The Compound
Curing Diseases with AI
10/29/2025, 3:36:30 PM
Economic Summary
- Major pharma firms prefer lower-cost, higher-probability targets, leaving high-cost diseases like ALS and Parkinson's underinvested and creating opportunity for disruptors.
- Thermo Fisher (TMO) is engaging with an AI partner ('Sam') to apply gene sequencing to hard diseases; success could shift R&D spending toward sequencing services and boost TMO revenue.
- The core barrier is economic incentives: startups or AI-focused backers willing to fund expensive, long-shot projects may reallocate capital away from traditional pharma strategies and reshape drug discovery priorities.
Bullish
- TMO partnering with AI could unlock gene-sequencing-driven drug discovery.
- AI-driven pursuit of hard diseases opens large, underserved markets.
- Sam's fundraising and commitment accelerates R&D investment into ambitious projects.
Bearish
- Drug companies avoid pursuing expensive, difficult diseases like ALS and Parkinson's due to high costs and low near-term returns.
- High development costs and long timelines could prevent AI + sequencing projects from producing viable, commercial treatments.

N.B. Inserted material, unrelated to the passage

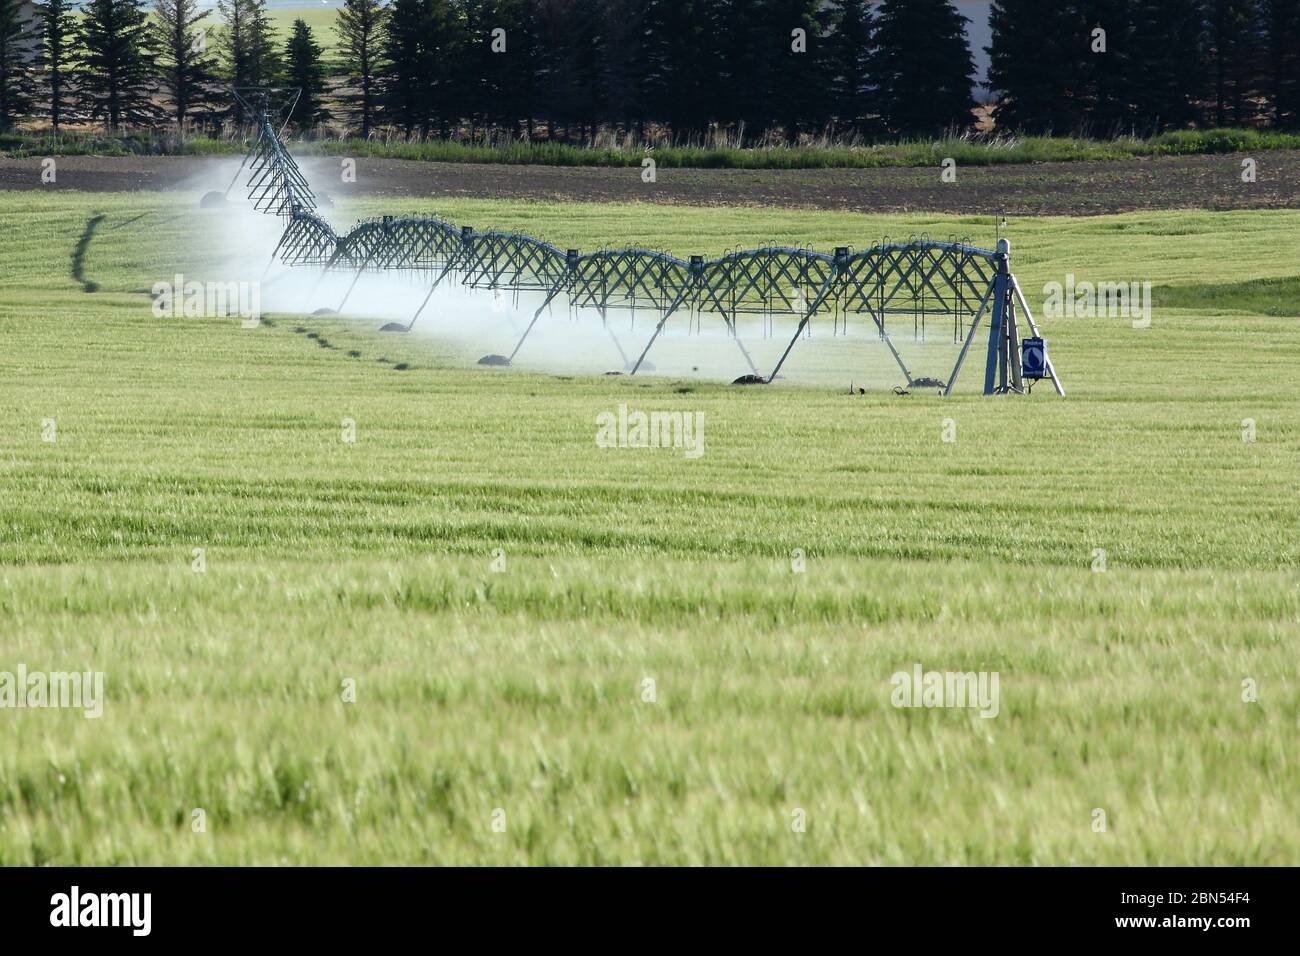 An agricultural center pivot sprinkler used to irrigate a barley field in the fertile farm fields of Idaho. Stock Photo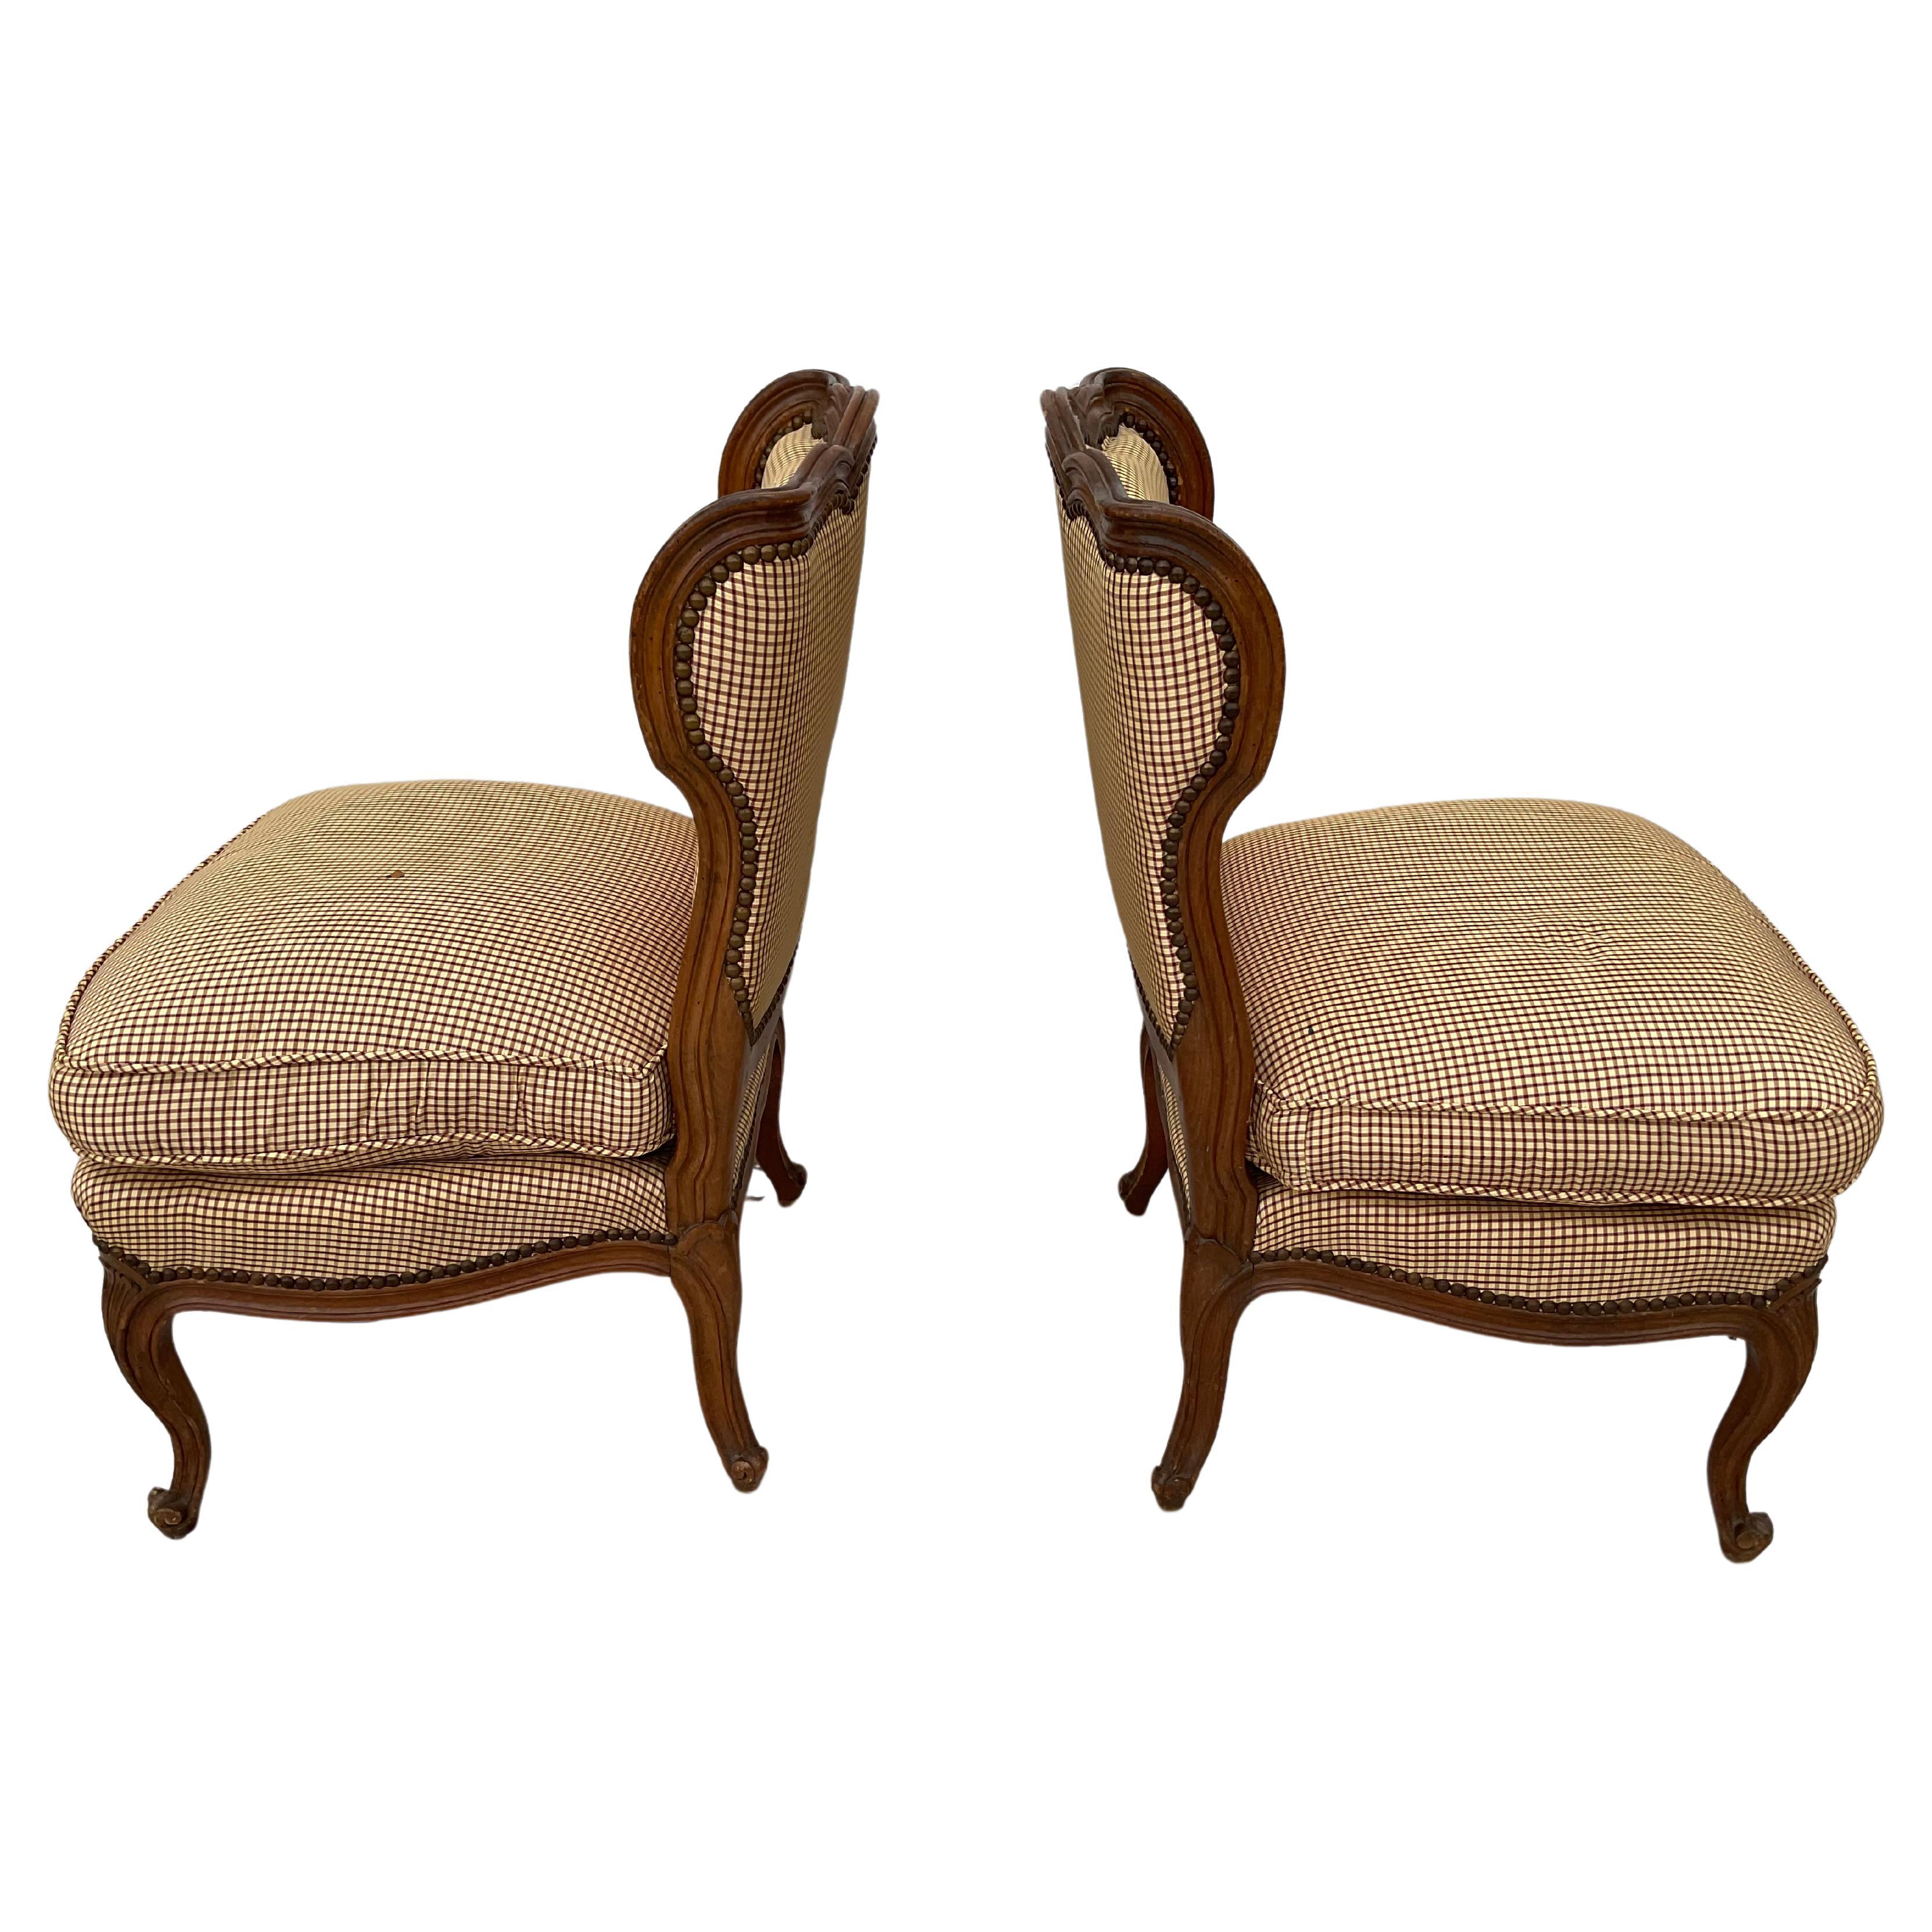 Pair Of French Country Slipper Chairs In Good Condition For Sale In Bradenton, FL

- Pharma skepticism and unwillingness to take risks may block partnerships or slow adoption of new AI-driven drug discovery approaches.
Bullish tickers
TMO
TMO
Bullish
Collaboration with an AI-focused partner to tackle ALS and Parkinson's using gene sequencing could open new markets and drive demand for Thermo Fisher's services.
Bearish
Pharma skepticism, long R&D timelines, and high development costs could limit near-term commercial returns from gene-sequencing projects.